EXERCISE - The lines below, from the one holding "Ensemble de six" through the one holding "Notre principal objectif", are to be restated word for word, with all images left out.

DATA FOR THIS TASK -
====================

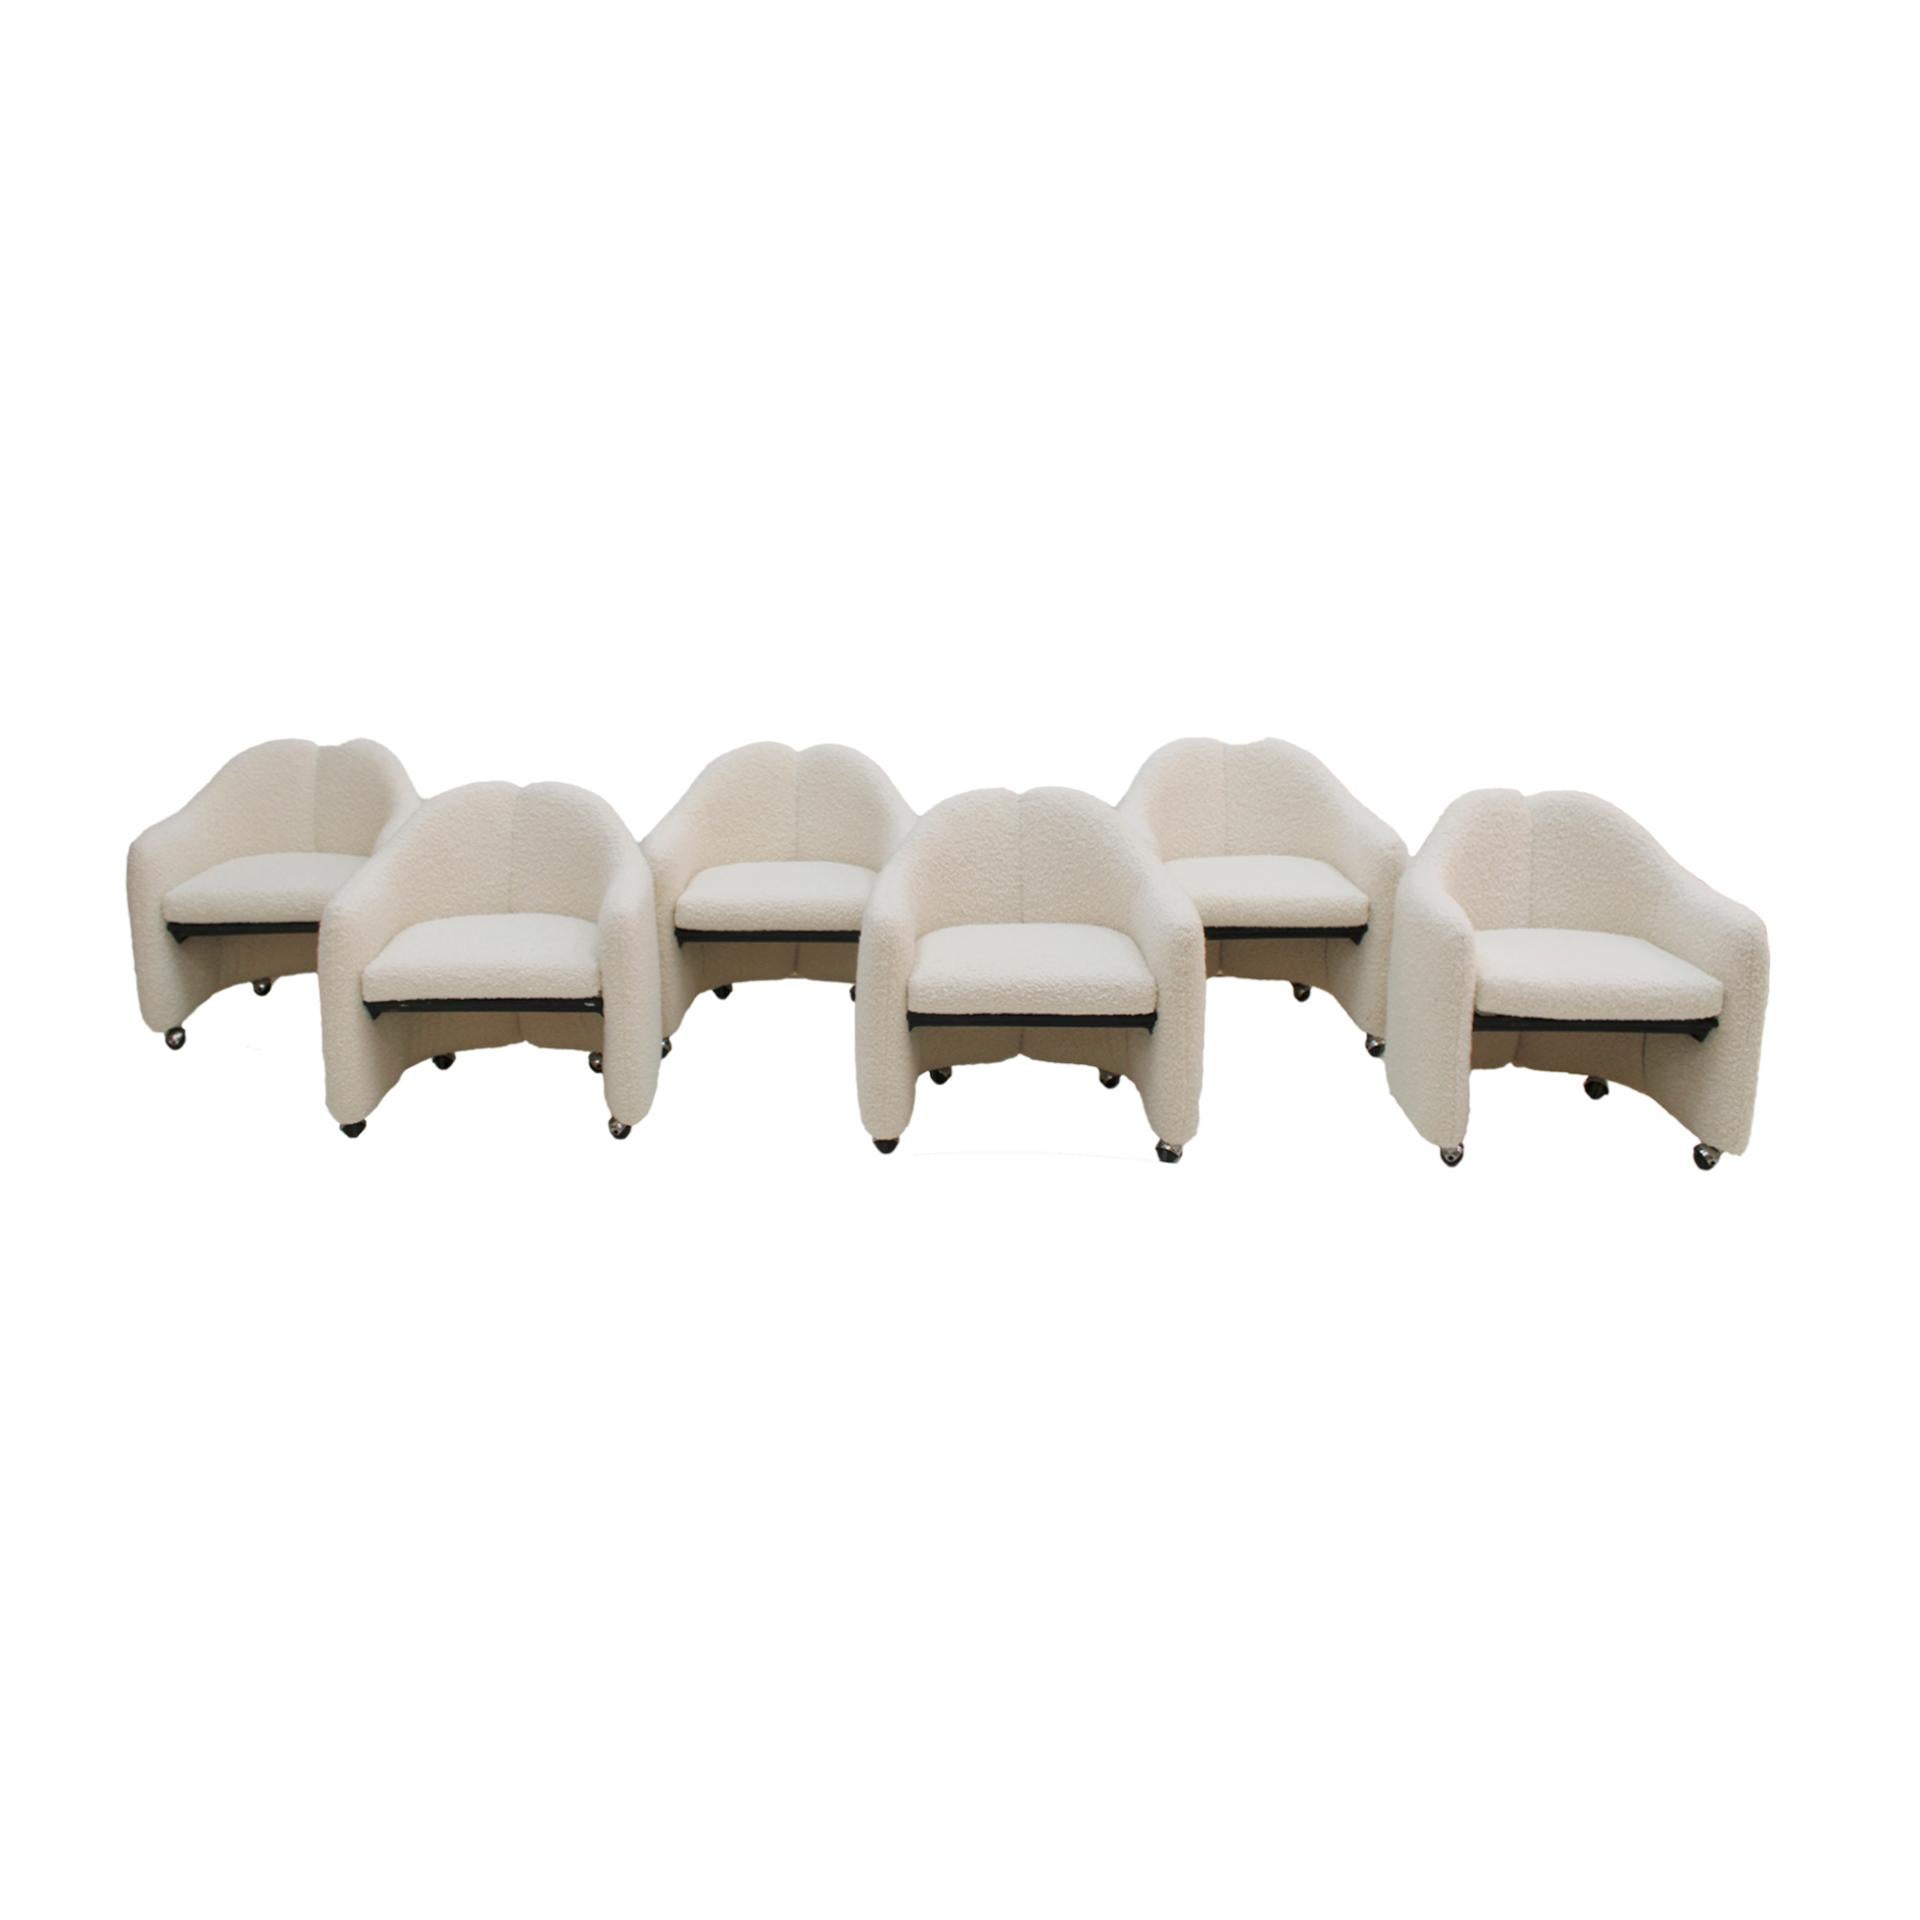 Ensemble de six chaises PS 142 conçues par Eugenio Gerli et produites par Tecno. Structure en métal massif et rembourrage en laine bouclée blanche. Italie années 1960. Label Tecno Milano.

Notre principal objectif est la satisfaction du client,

====================

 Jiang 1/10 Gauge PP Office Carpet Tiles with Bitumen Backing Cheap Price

====================

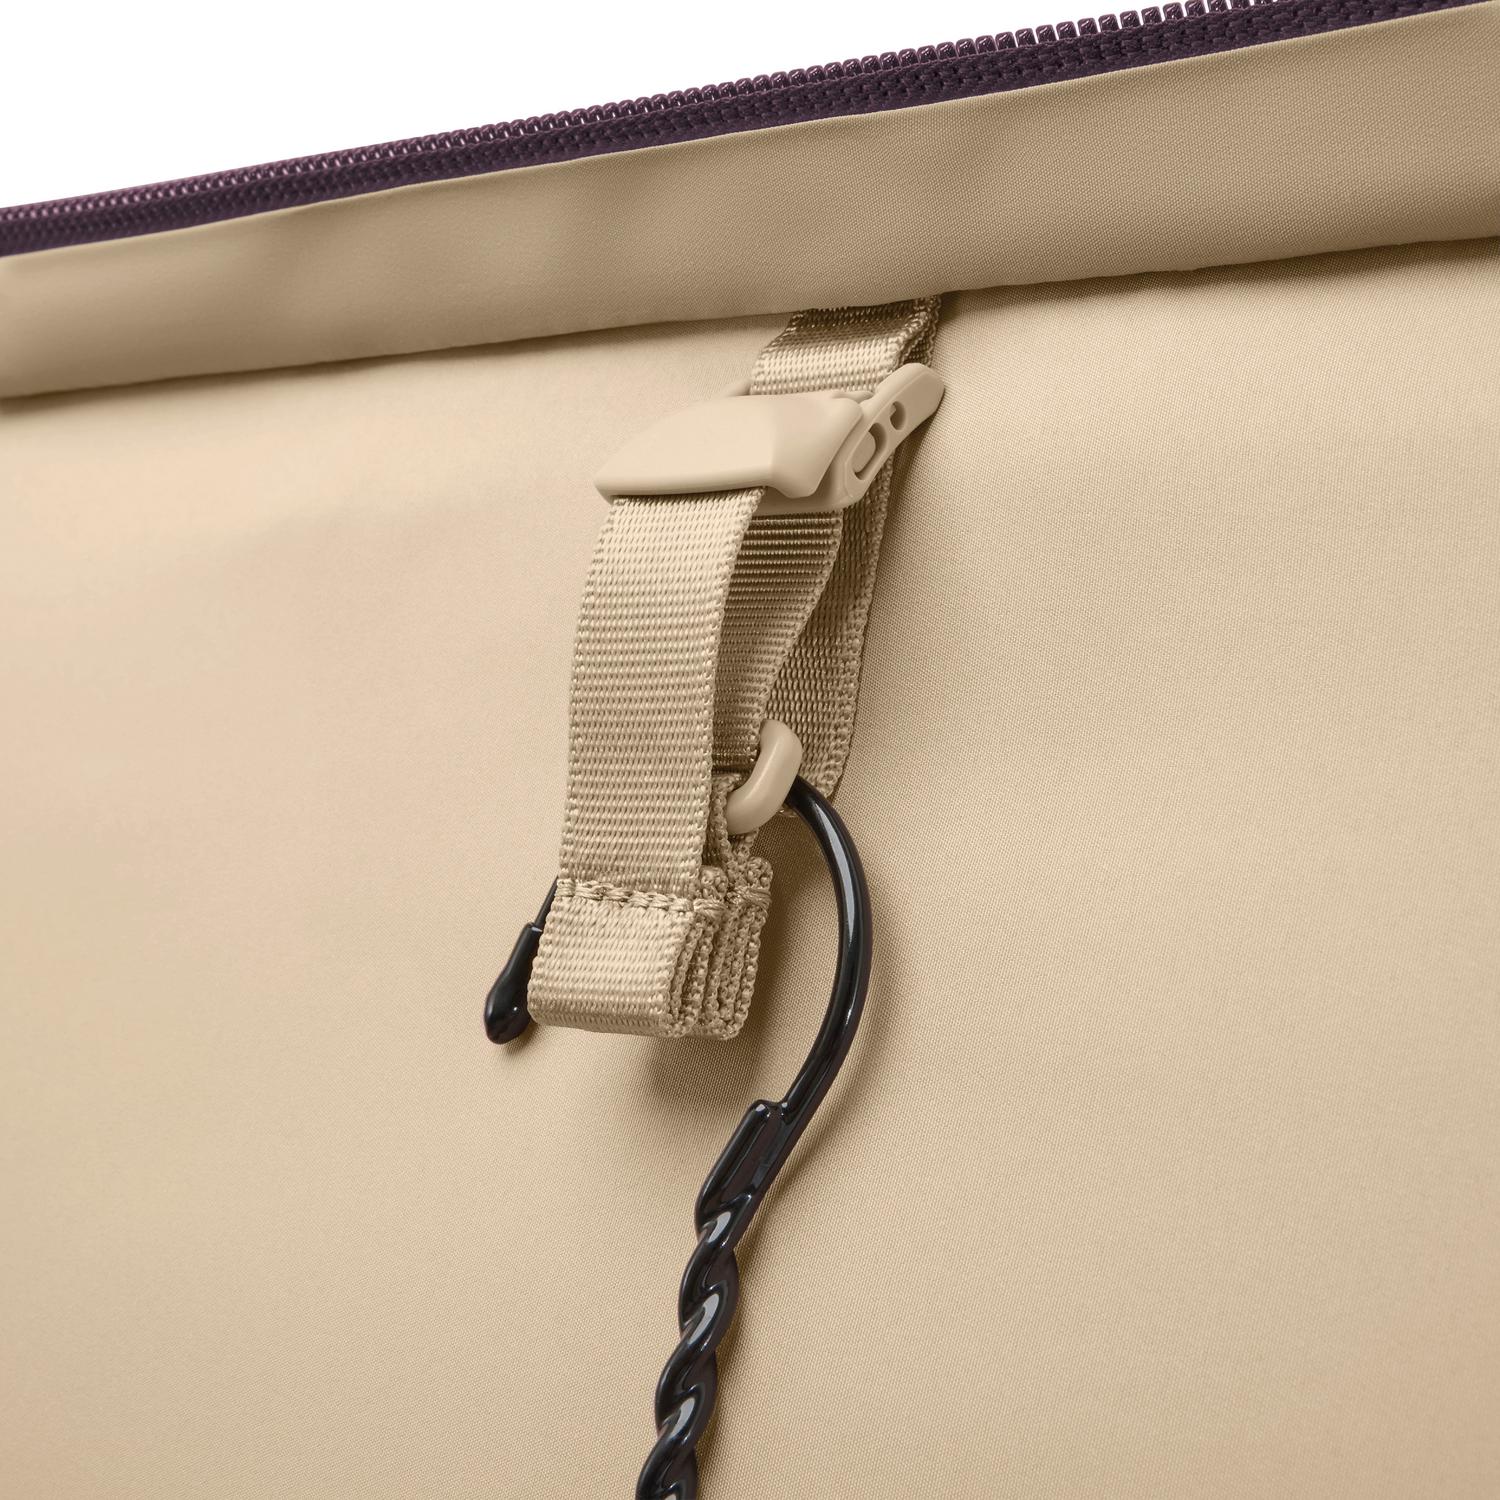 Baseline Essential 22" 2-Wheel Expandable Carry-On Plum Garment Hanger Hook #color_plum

====================

RESULT OF THE EXERCISE -
 Ensemble de six chaises PS 142 conçues par Eugenio Gerli et produites par Tecno. Structure en métal massif et rembourrage en laine bouclée blanche. Italie années 1960. Label Tecno Milano.

Notre principal objectif est la satisfaction du client,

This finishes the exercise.